# Planted Tanks > Beginners' Corner >  Otocinclus affinis OTO vs Siamese Algae Eater SAE vs Yamato Shrimps

## lifestory

I'm curious to know. What's the disadvantage and advantages or otos, SAEs and Yamato shrimps? Seems like all of them do the same job. Is there certain conditions when u shld choose one over another?

----------


## wllm33

think the SAEs are the most "gangster-like" among the three.
my experience is that oto does the algae cleaning part on the glass well, whereas shrimps only clean the moss usually or small plants.
sensitivity wise, the SAEs are the most resilent.
cheers.

----------


## hann

I also find Otto milder and they are really cute as compared to the SAE. Yamato is a bully to my cherry in my tank. If you keep shrimp, try not to add Yamato IMO. On the other hand, Otto is friendly towards shrimp

----------


## andrew73

Gangster in what way? Do they bully others? SAE's don't look too bad, I reckon. Yamato's will feed on fish food too so unless you starve them, after a while, they kind of 'lay off' the algae or at least that's what I find mine do anyway! :Laughing:

----------


## meerkat

> Gangster in what way? Do they bully others? SAE's don't look too bad, I reckon. Yamato's will feed on fish food too so unless you starve them, after a while, they kind of 'lay off' the algae or at least that's what I find mine do anyway!


Yamatos got a bad habit of grabbing food and swimming away to some secluded spot to feast on them. They are not too keen to share :Evil:  

SAEs tend to wrestle actively for food once bigger size. They are more aggressive also when larger. My gang of four could not stop "squabbling" amongst themselves all day long :Mad: 

Tend to agree Otos are the best-behaved and non-aggressive diligent workers amongst the rest.

----------


## illumbomb

I think one important criterion to consider is which type of algae you are trying to control via adding them into you tank (i.e. otos and nerite snails are great for brown algae but will probably not be perform as well as the rest for green hair algae?)

----------


## wllm33

the SAEs are pretty aggressive in the manner they move and grab for food .
they are also pretty fast swimmers compared to the other 2, and disturb the things in the tank when they swim too fast.
otherwise they are good workers.
imho.

----------


## krabbie

My personal experience is quite bad with SAE ... they do their jobs well initially. But once they realized that fish food taste better, they will fight with the tank-mates for the fish-food and stop feeding on algae. Besides, they are very difficult to catch/remove ... I never introduce SAE ever since.  :Opps: 

OTO is the best ... mild and does their jobs well. Highly recommended.  :Grin:

----------


## hann

> My personal experience is quite bad with SAE ... they do their jobs well initially. But once they realized that fish food taste better, they will fight with the tank-mates for the fish-food and stop feeding on algae. Besides, they are very difficult to catch/remove ... I never introduce SAE ever since. 
> 
> OTO is the best ... mild and does their jobs well. Highly recommended.

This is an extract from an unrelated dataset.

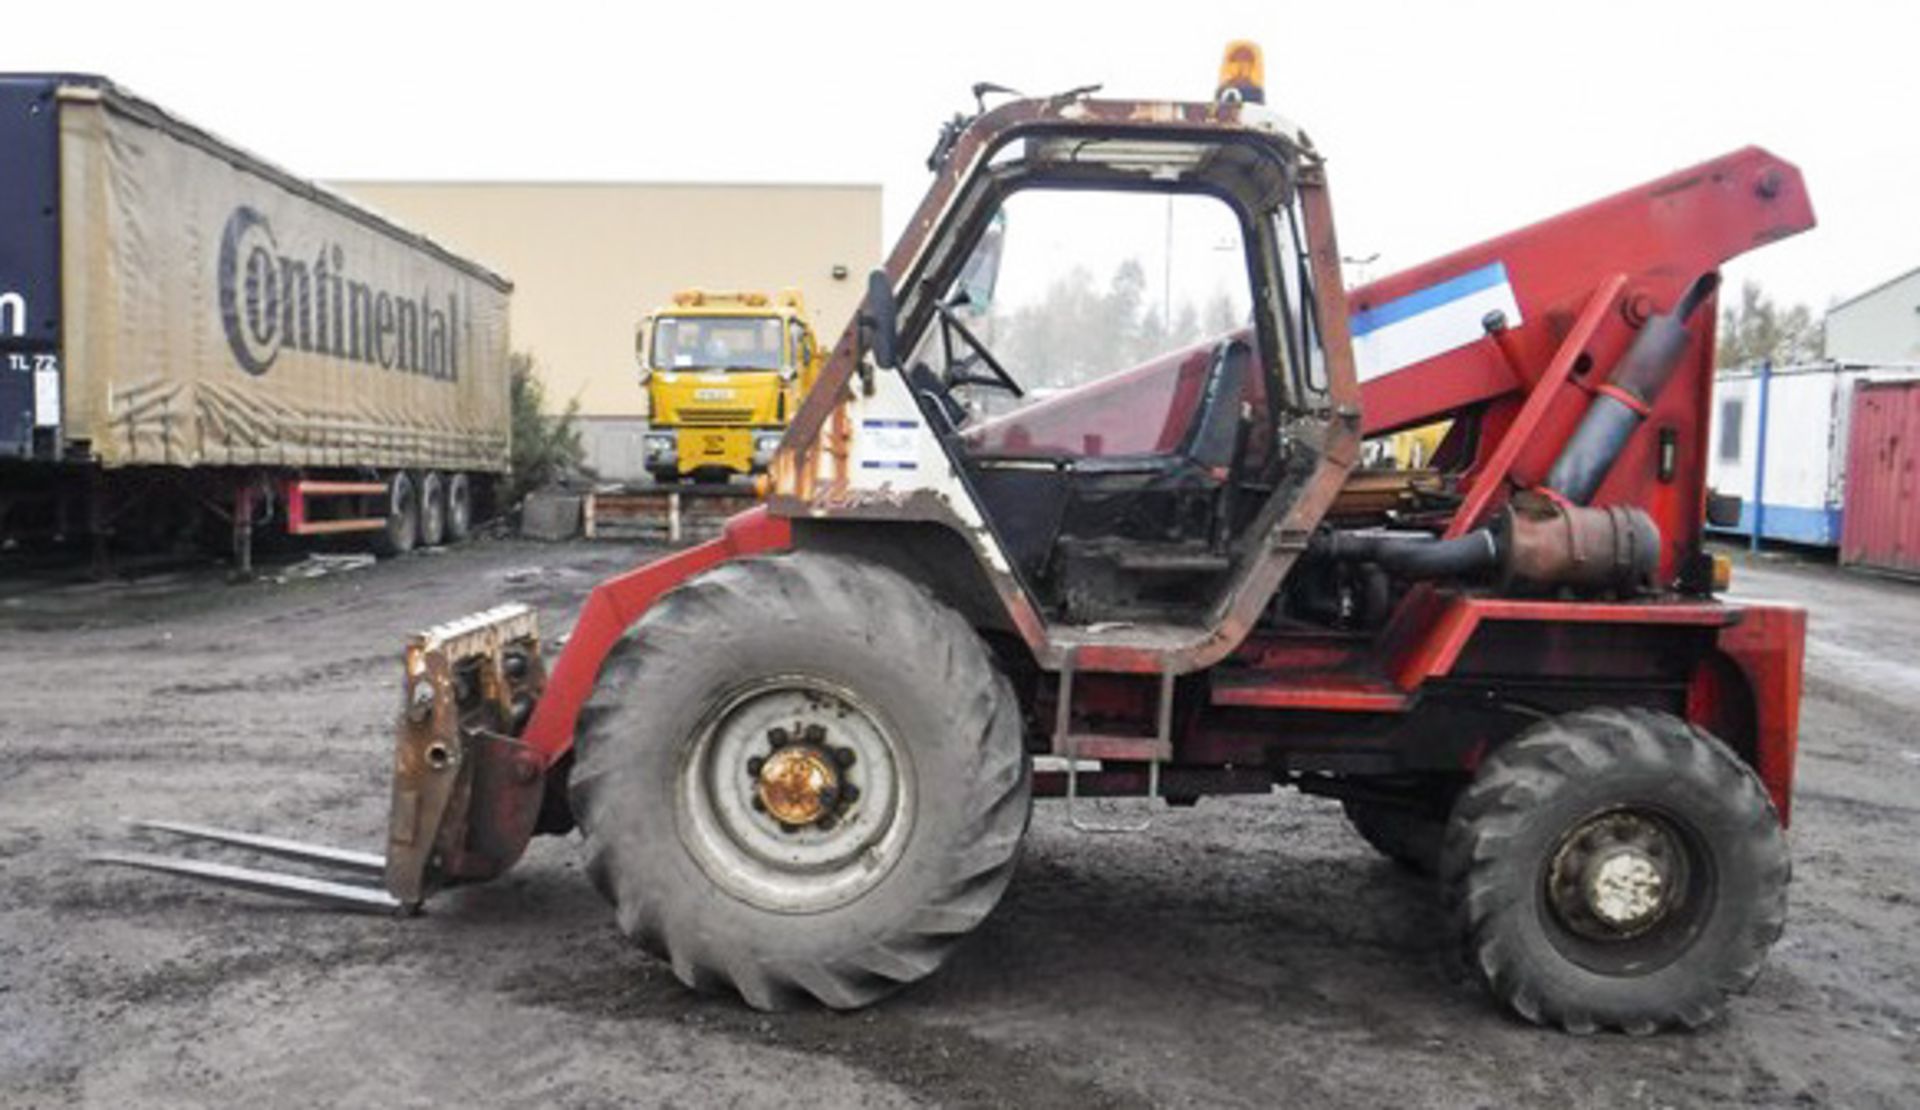 1989 MANITOU TURBO, MODEL - MT425CPT, SERIES 2, CHASSIS 185836, 5693HRS (NOT VERIFIED) ** 10% BUYERS - Image 14 of 15

Oto oso looks nice in a planted tank too. Colours not so bright.

----------


## blink_willie

I have tried out all three in my tank before.

Yamato shrimps - They are not really hardworking from what I see.They like to hang out at one corner in groups most of the time.I find them sensitive to water parameters like CO2 and pH though because I lost all my Yamatos due to unstable CO2 injection :Opps: However,under the right conditions,they look very nice with all those red lines on their bodies.

Otocinclus - Very hardworking.If it's not attached to my tank wall it's attached to one of my plants.Rarely see them rest.Plus they look very cute too.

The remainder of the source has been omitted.